Portanto, devido à cláusula geral da função social dos contratos, os juízes podem intervir nos contratos, visando reestabelecer o equilíbrio econômico- financeiro no que diz respeito à execução das obrigações das partes. Mas até que ponto o magistrado pode interferir na autonomia da vontade das partes? Poderá rever um contrato mesmo que a parte tenha pedido a resolução? Poderá, ainda, resolver um contrato ex officio?
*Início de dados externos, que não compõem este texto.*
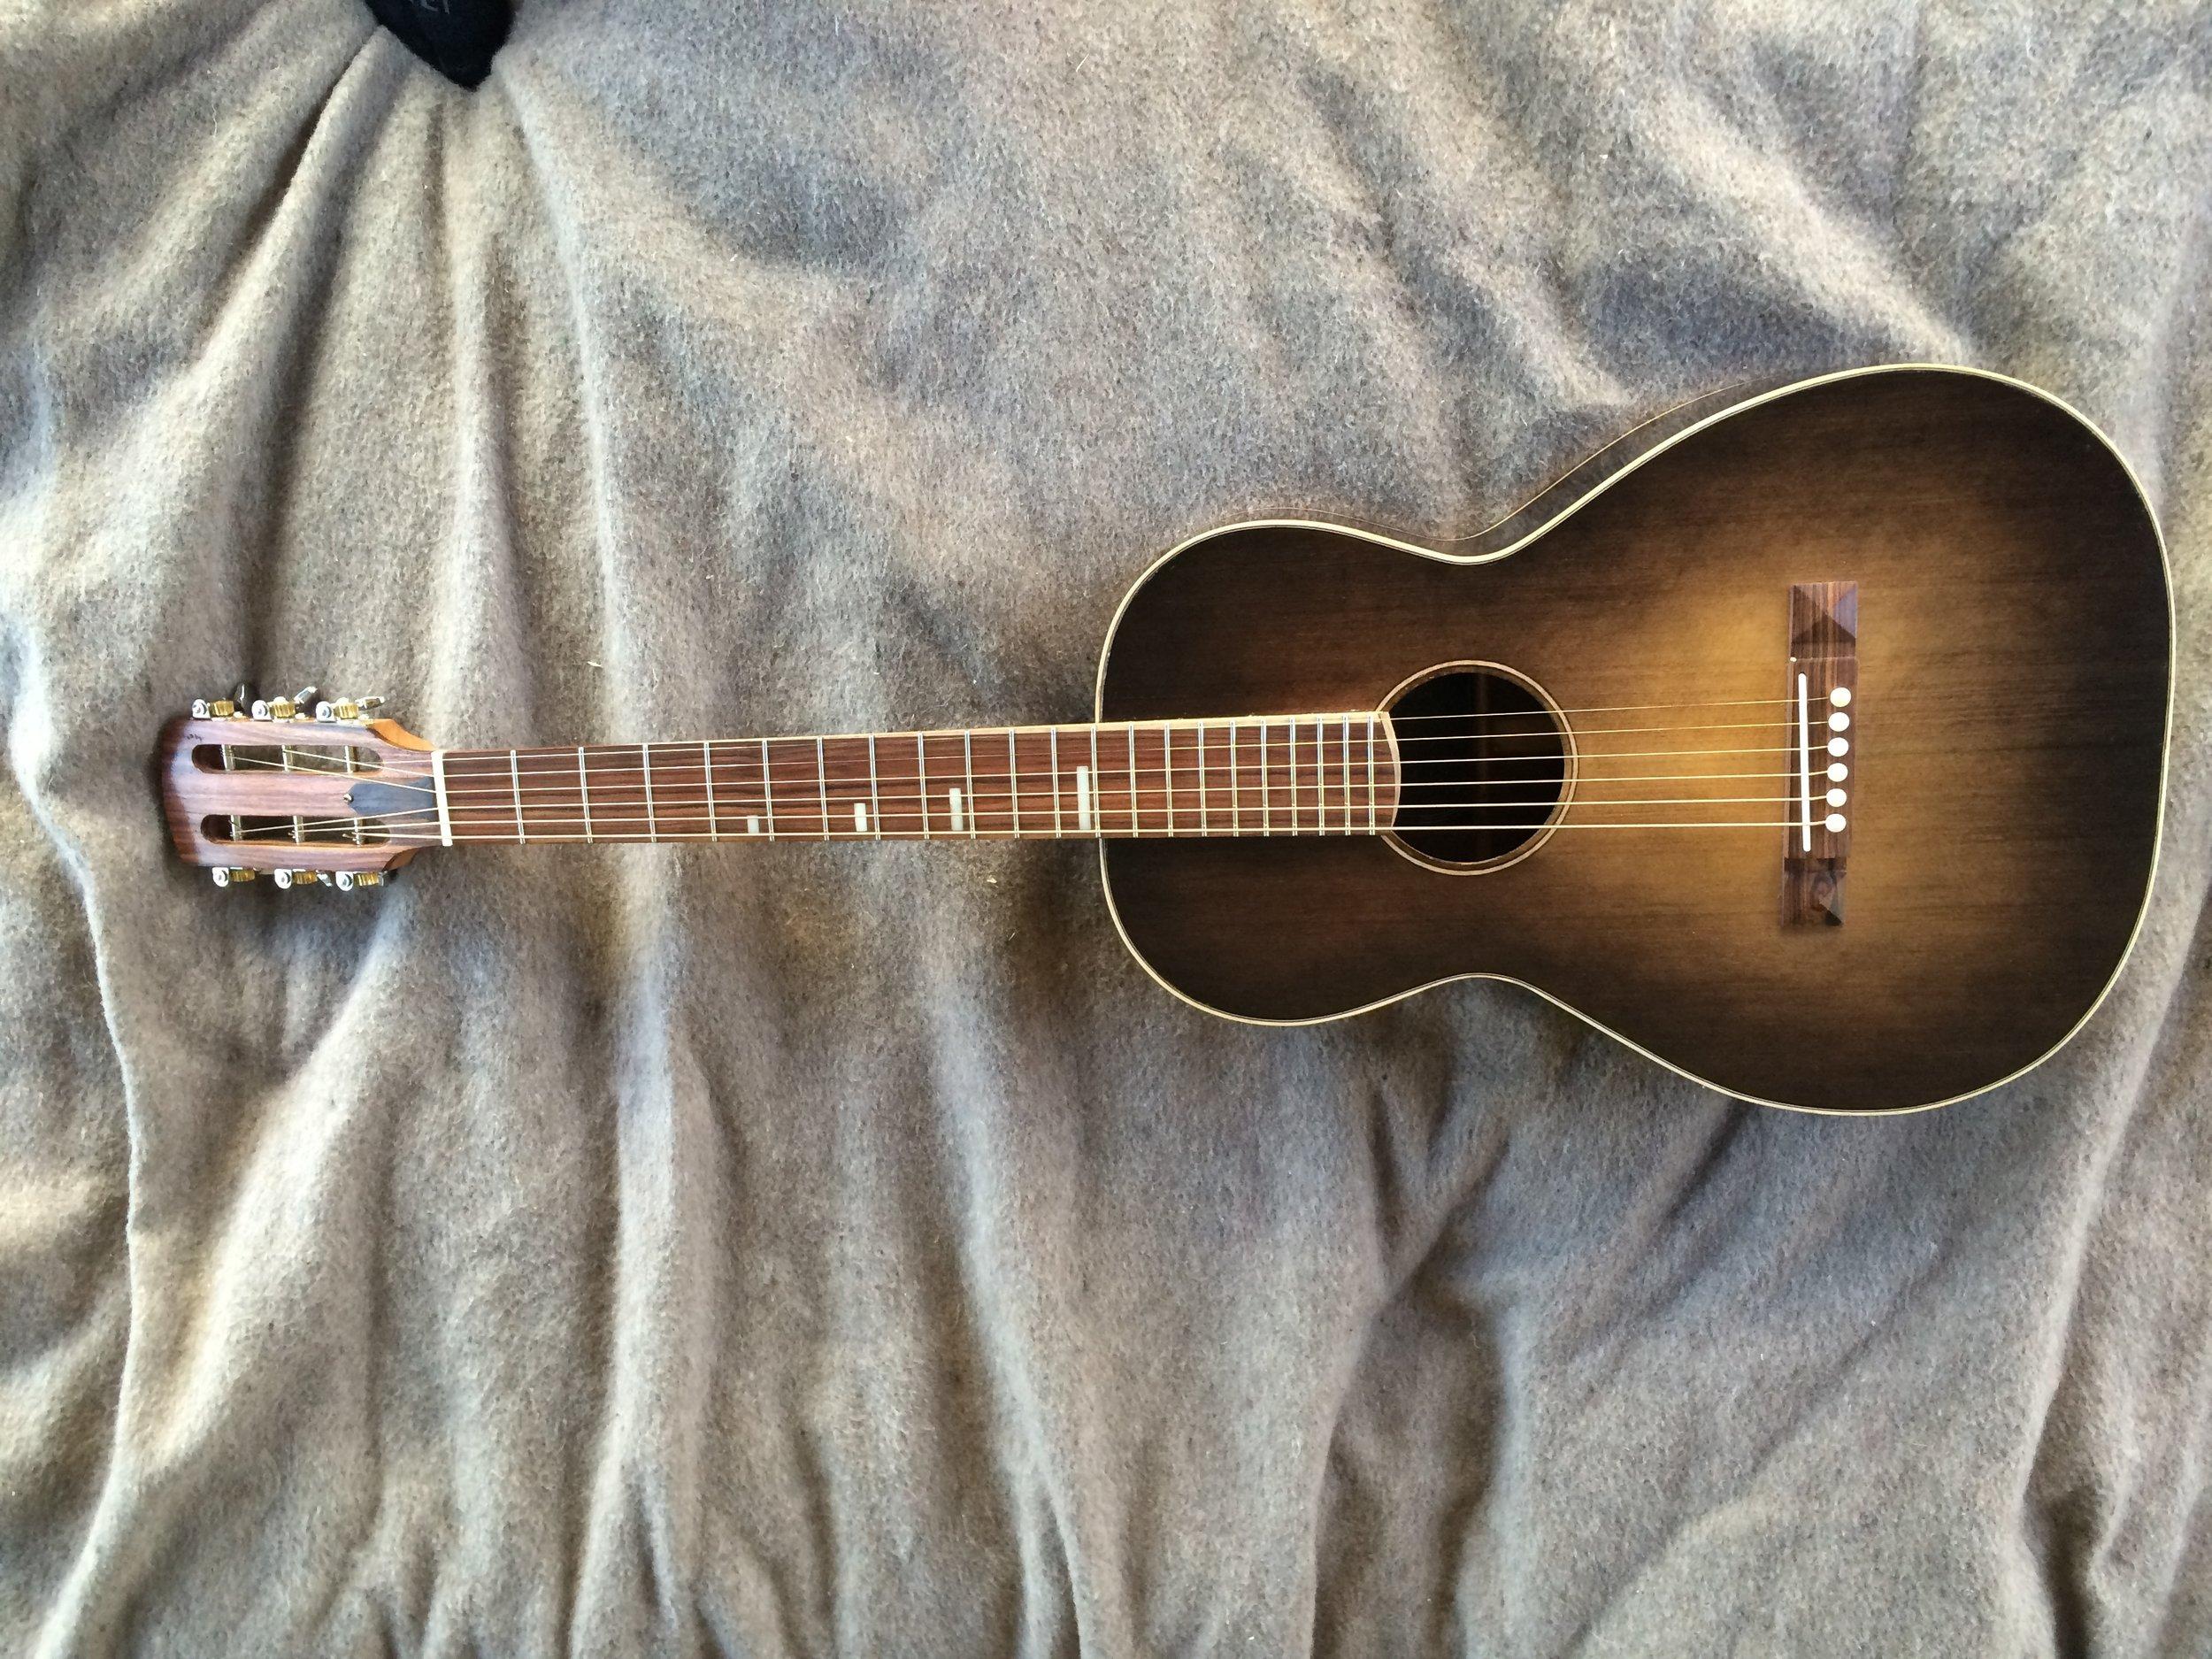 sunburst walnut acoustic guitar.jpg

No Brasil, foi adotada a doutrina anti-revisionista, ou seja, nos casos em que ocorrem onerosidade excessiva para um dos contratantes, o juiz deverá resolver o contrato, produzindo efeitos retroativos com a finalidade de extinguir o que foi executado e obrigar a restituições recíprocas. Portanto, o juiz somente fará uma

revisão do contrato nos casos em que as partes concordarem com isso, pois o magistrado está adstrito ao pedido. Porém, se o pedido for de revisão, poderá o juiz, excepcionalmente, resolver o contrato, se considerar a revisão contratual um meio inviável para reequilibrar a situação dos contratantes.